War incidence and duration in several countries are examined to establish the relationship between war and growth. Experts found out that war tends to reduce income growth on average. “Civil wars” have negative effects in almost all cases. Conversely, it is determined that the average rate of growth in per capita real output is influenced by civil war. Having anticipated economic destruction, the TPLF junta had conducted civil war in Ethiopia. But, the people and government of Ethiopia are determined to reverse the economic destruction of the country that had been planned by the juntaand its Western masters.

It has also been explained how growth during a period of war has been affected by the wars that took place in the previous period. Studies suggested that there was a positive relationship between war and long-term growth, while in the short-run economic growth was negative. It was also negative in countries engaged in war with other countries. The experience of these countries revealed that fatality during a conflict resulted in areduction in real GDP per capita. Ethiopia may not be an exception and it has to be ready for any economic eventualities.

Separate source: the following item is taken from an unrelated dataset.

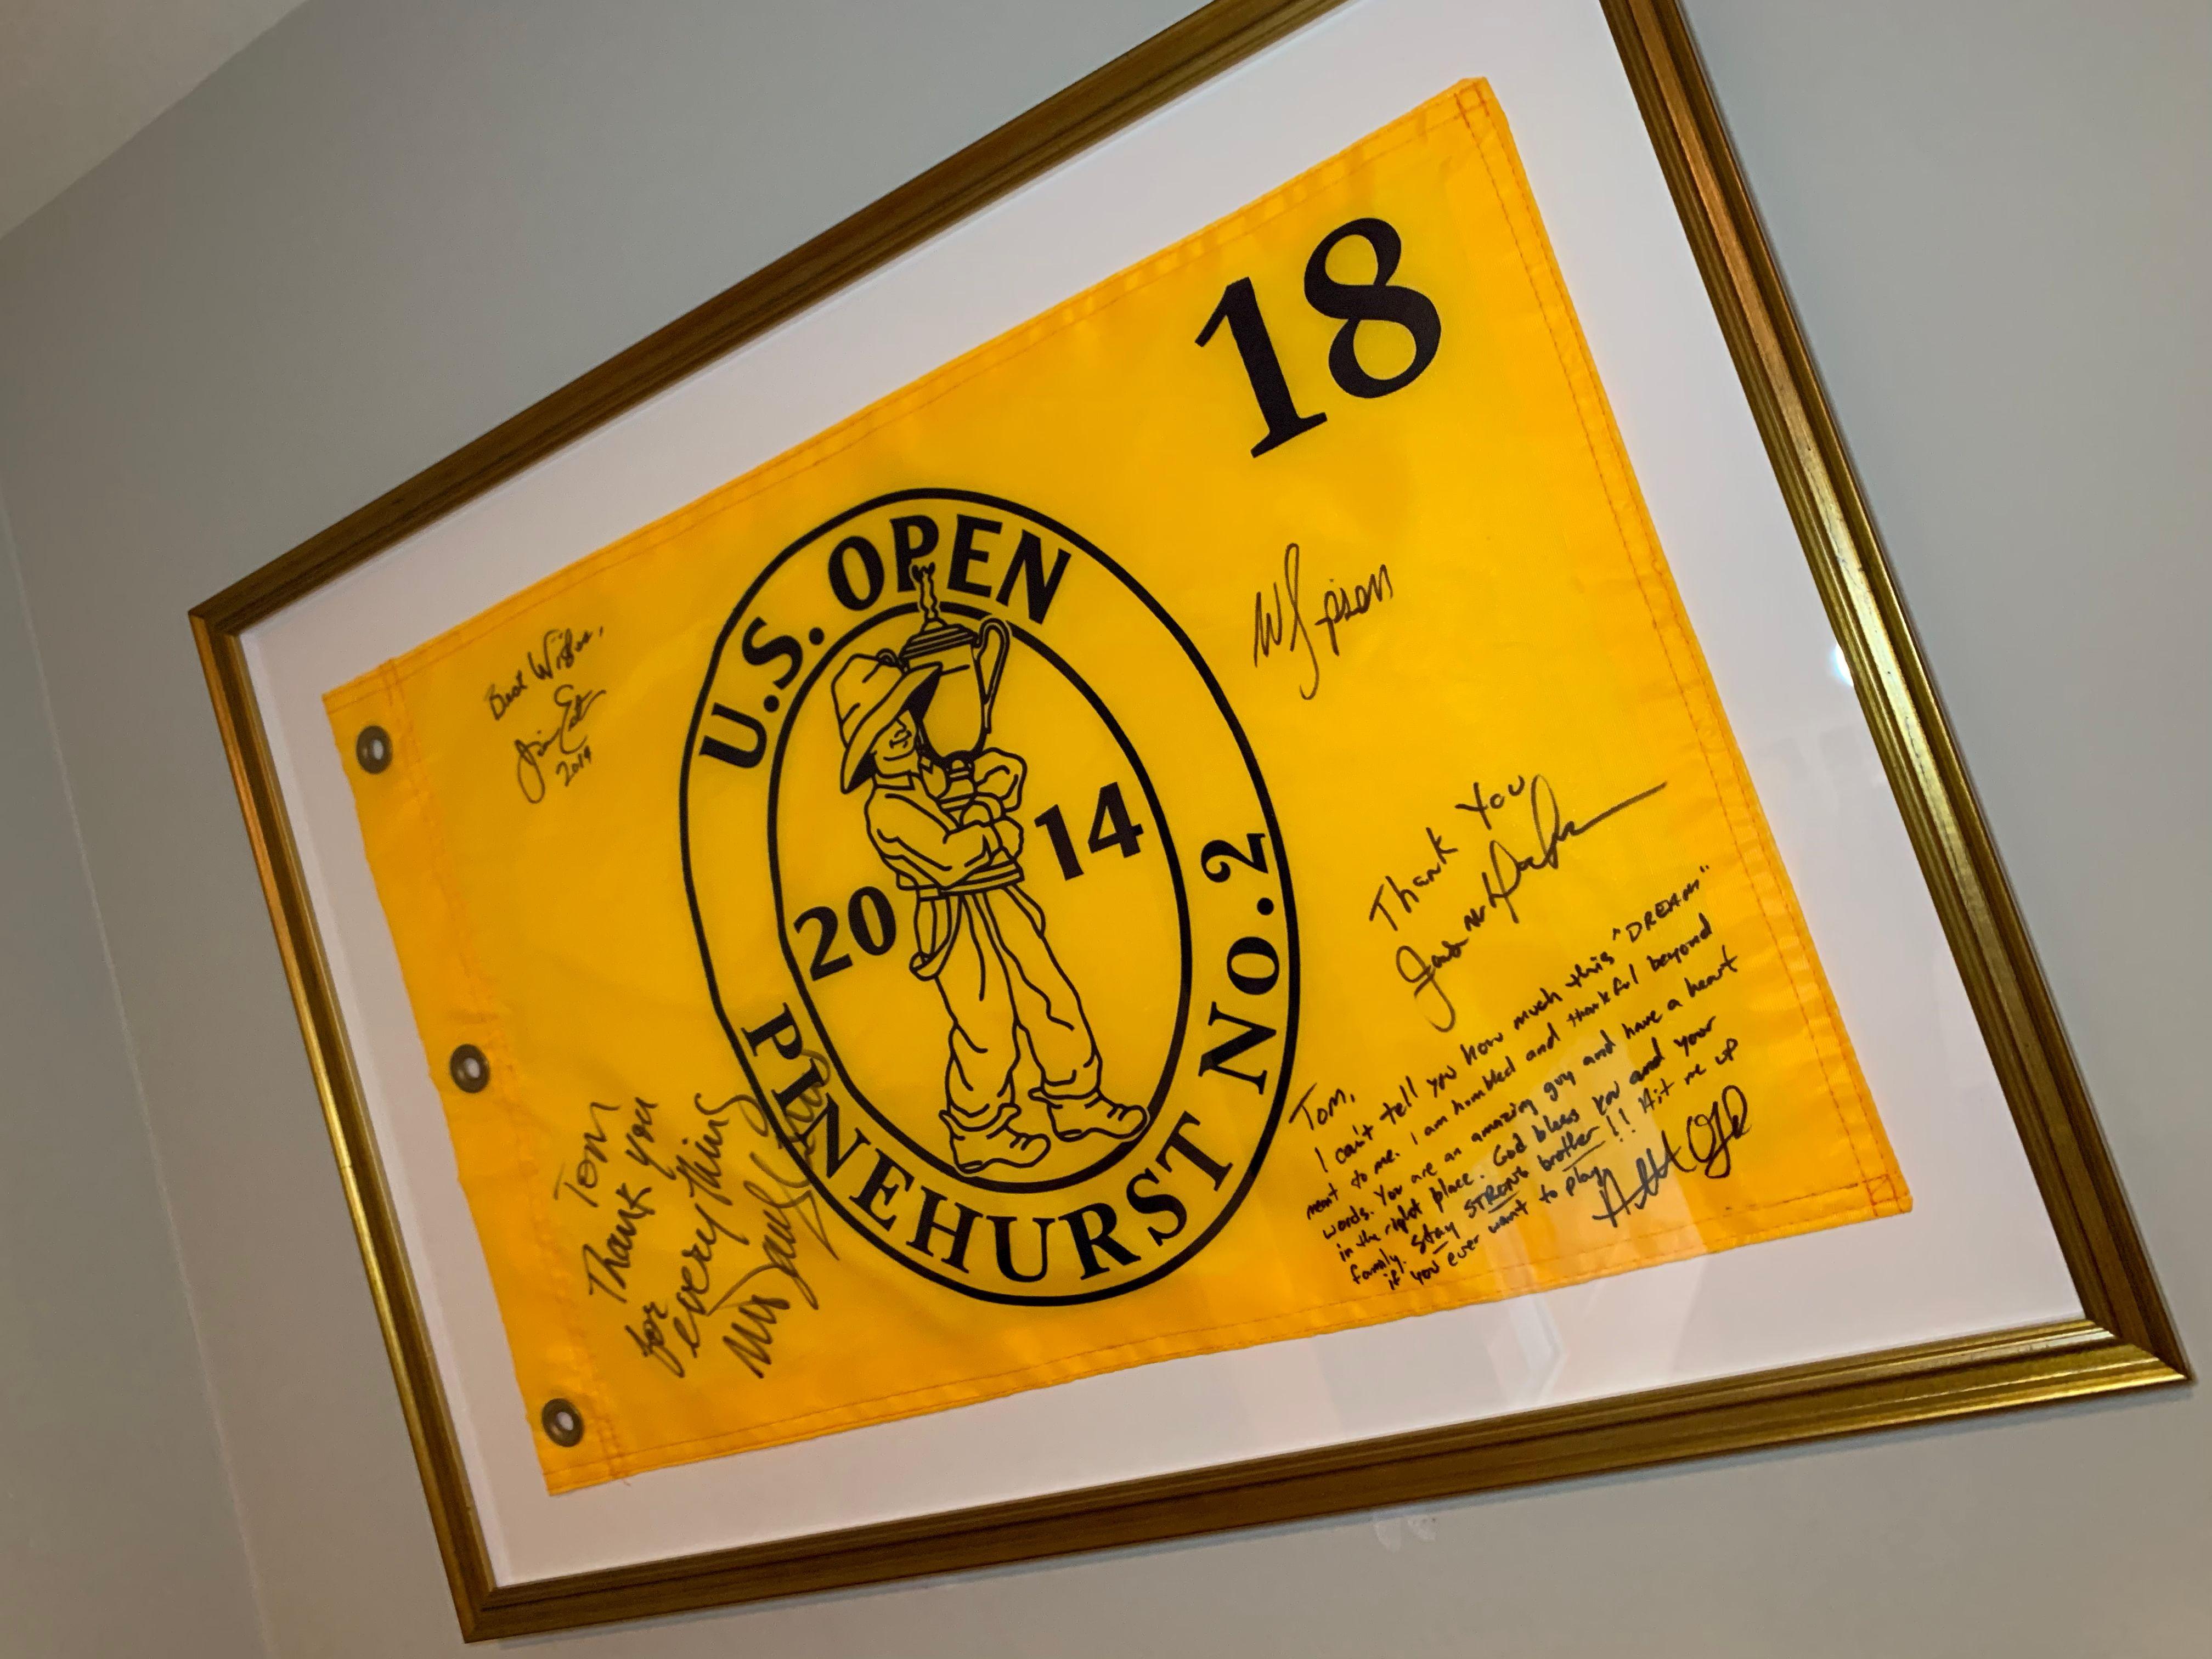 signed golf flag in frame

In conclusion, the direct costs of the TPLF war include the military costs, costs of damage to physical and social infrastructure, damage to capital assets, and the costs of providing for the displaced and disabled persons. The total direct cost of the war is calculated to reach several billions of dollars. Indirect costs included lost income due to the loss of human capital in Ethiopia, forgone investment, and lost income from reduced tourism.

The proxy war financed by the superpower and shamelessly conducted by the TPLF junta against the people and government of Ethiopia will be reversed. Of course, the military expenditure will have a negative and significant effect on investment in the long run. This implies that the military spending decreases government investment. The costs of military expenditures impact production and productivity. However, War Economy may lead to creative way of survival. It also leads to consumption of locally produced goods and services thereby saving foreign exchange that would have been used for importing non-essentials. Whatever the case may be, Ethiopia is not new to War Economy and it will surmount all possible hurdles designed by the Superpower through the intermediary of the junta.